Why do we contemporary romance writers linger around these names so much? I think it’s because a name carries an IMAGE. And we all want our hero to have the image of being strong and masculine. We don’t want our heroine to fall in love with a wienie. So we don’t want a wienie name for our hero.

But what about the in-between names? The names that go beyond Jake but don’t quite reach the Roark, Tyler, or even Brent Alpha-unique level. I’m talking about names that according to one baby name book are in “fashion limbo”.

  • Bruce
  • Clark
  • Dean
  • Dennis
  • Don
  • Grant
  • Glenn
  • Lance
  • Neil
  • Jay
  • Todd
  • Vince
  • Walt

Why don’t we see these names more in books? I have to say I’ve met some REALLY hot, fun (and young) Vince, Walt, Len, Jay, Grant, and Glenns in my life. But can an author convince a reader of that? Is it possible to break the image barrier with these names? Well…I don’t know.

(I am trying, though) My hero in GEORGIE ON HIS MIND is named Walt.

I write more lighthearted reads, so I think if a writer writes romantic comedy she might have a little more reader forgiveness if she uses a borderline name, but of course I could be wrong. The point is I love a good challenge!

Have you or would you use any of those fashion limbo names for your hero? What names have you liked for heroes that you’ve read?

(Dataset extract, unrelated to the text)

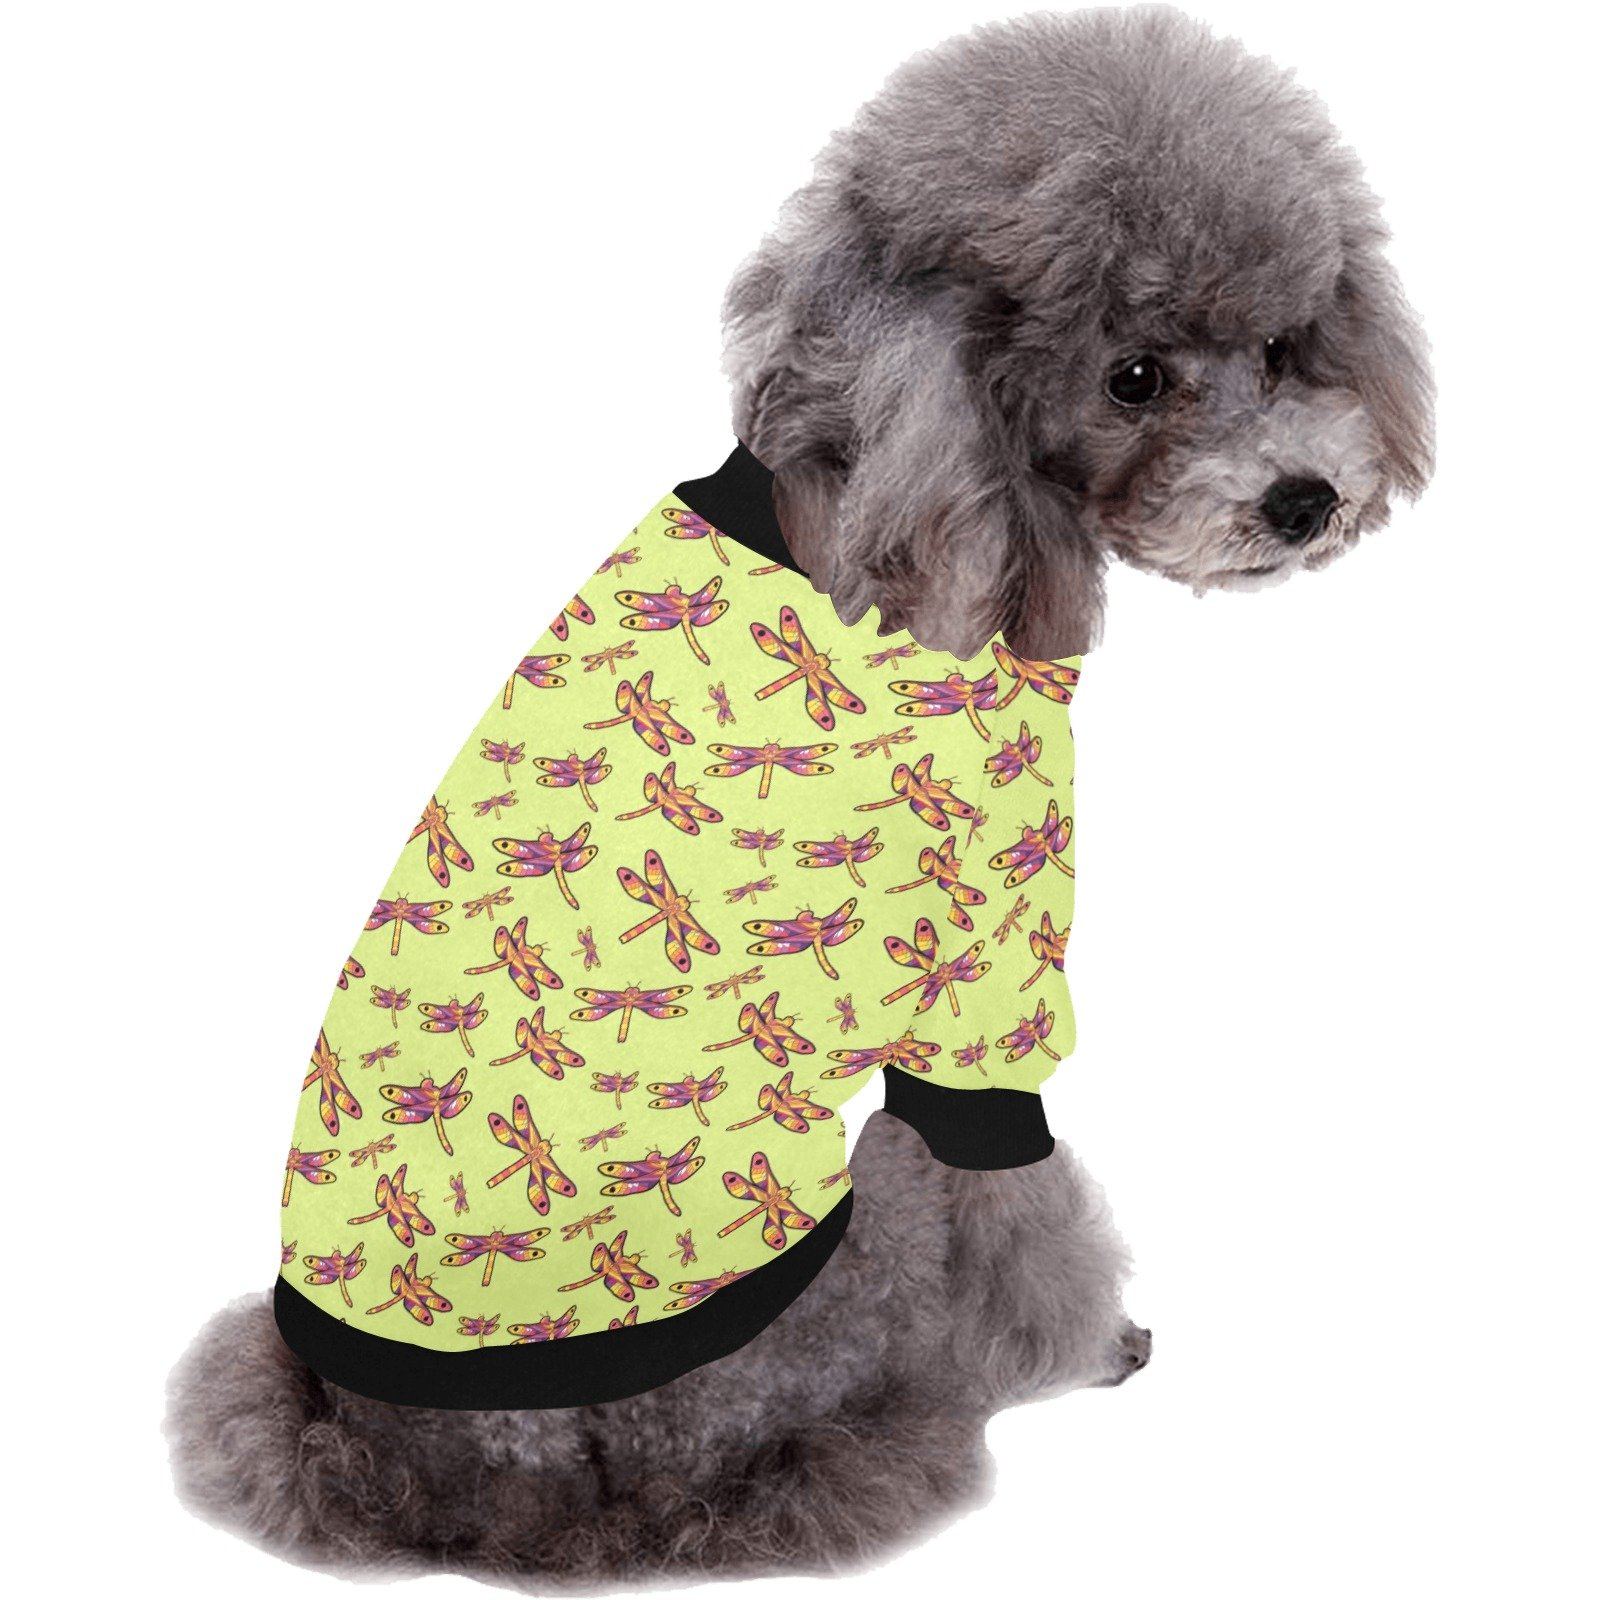 Gathering Lime Pet Dog Round Neck Shirt Pet Dog Round Neck Shirt e-joyer

Jennifer Shirk fancies herself a more prolific writer than she really is and has an unnatural tendency to use words like “fancies” and “prolific” when describing herself.  Please feel free to check out her recent romantic comedy, THE ROLE OF A LIFETIME and GEORGIE ON HIS MIND—where she promises she didn’t use either of those words anywhere in her story.
Also, check out her BLOG anywhere blogs are available.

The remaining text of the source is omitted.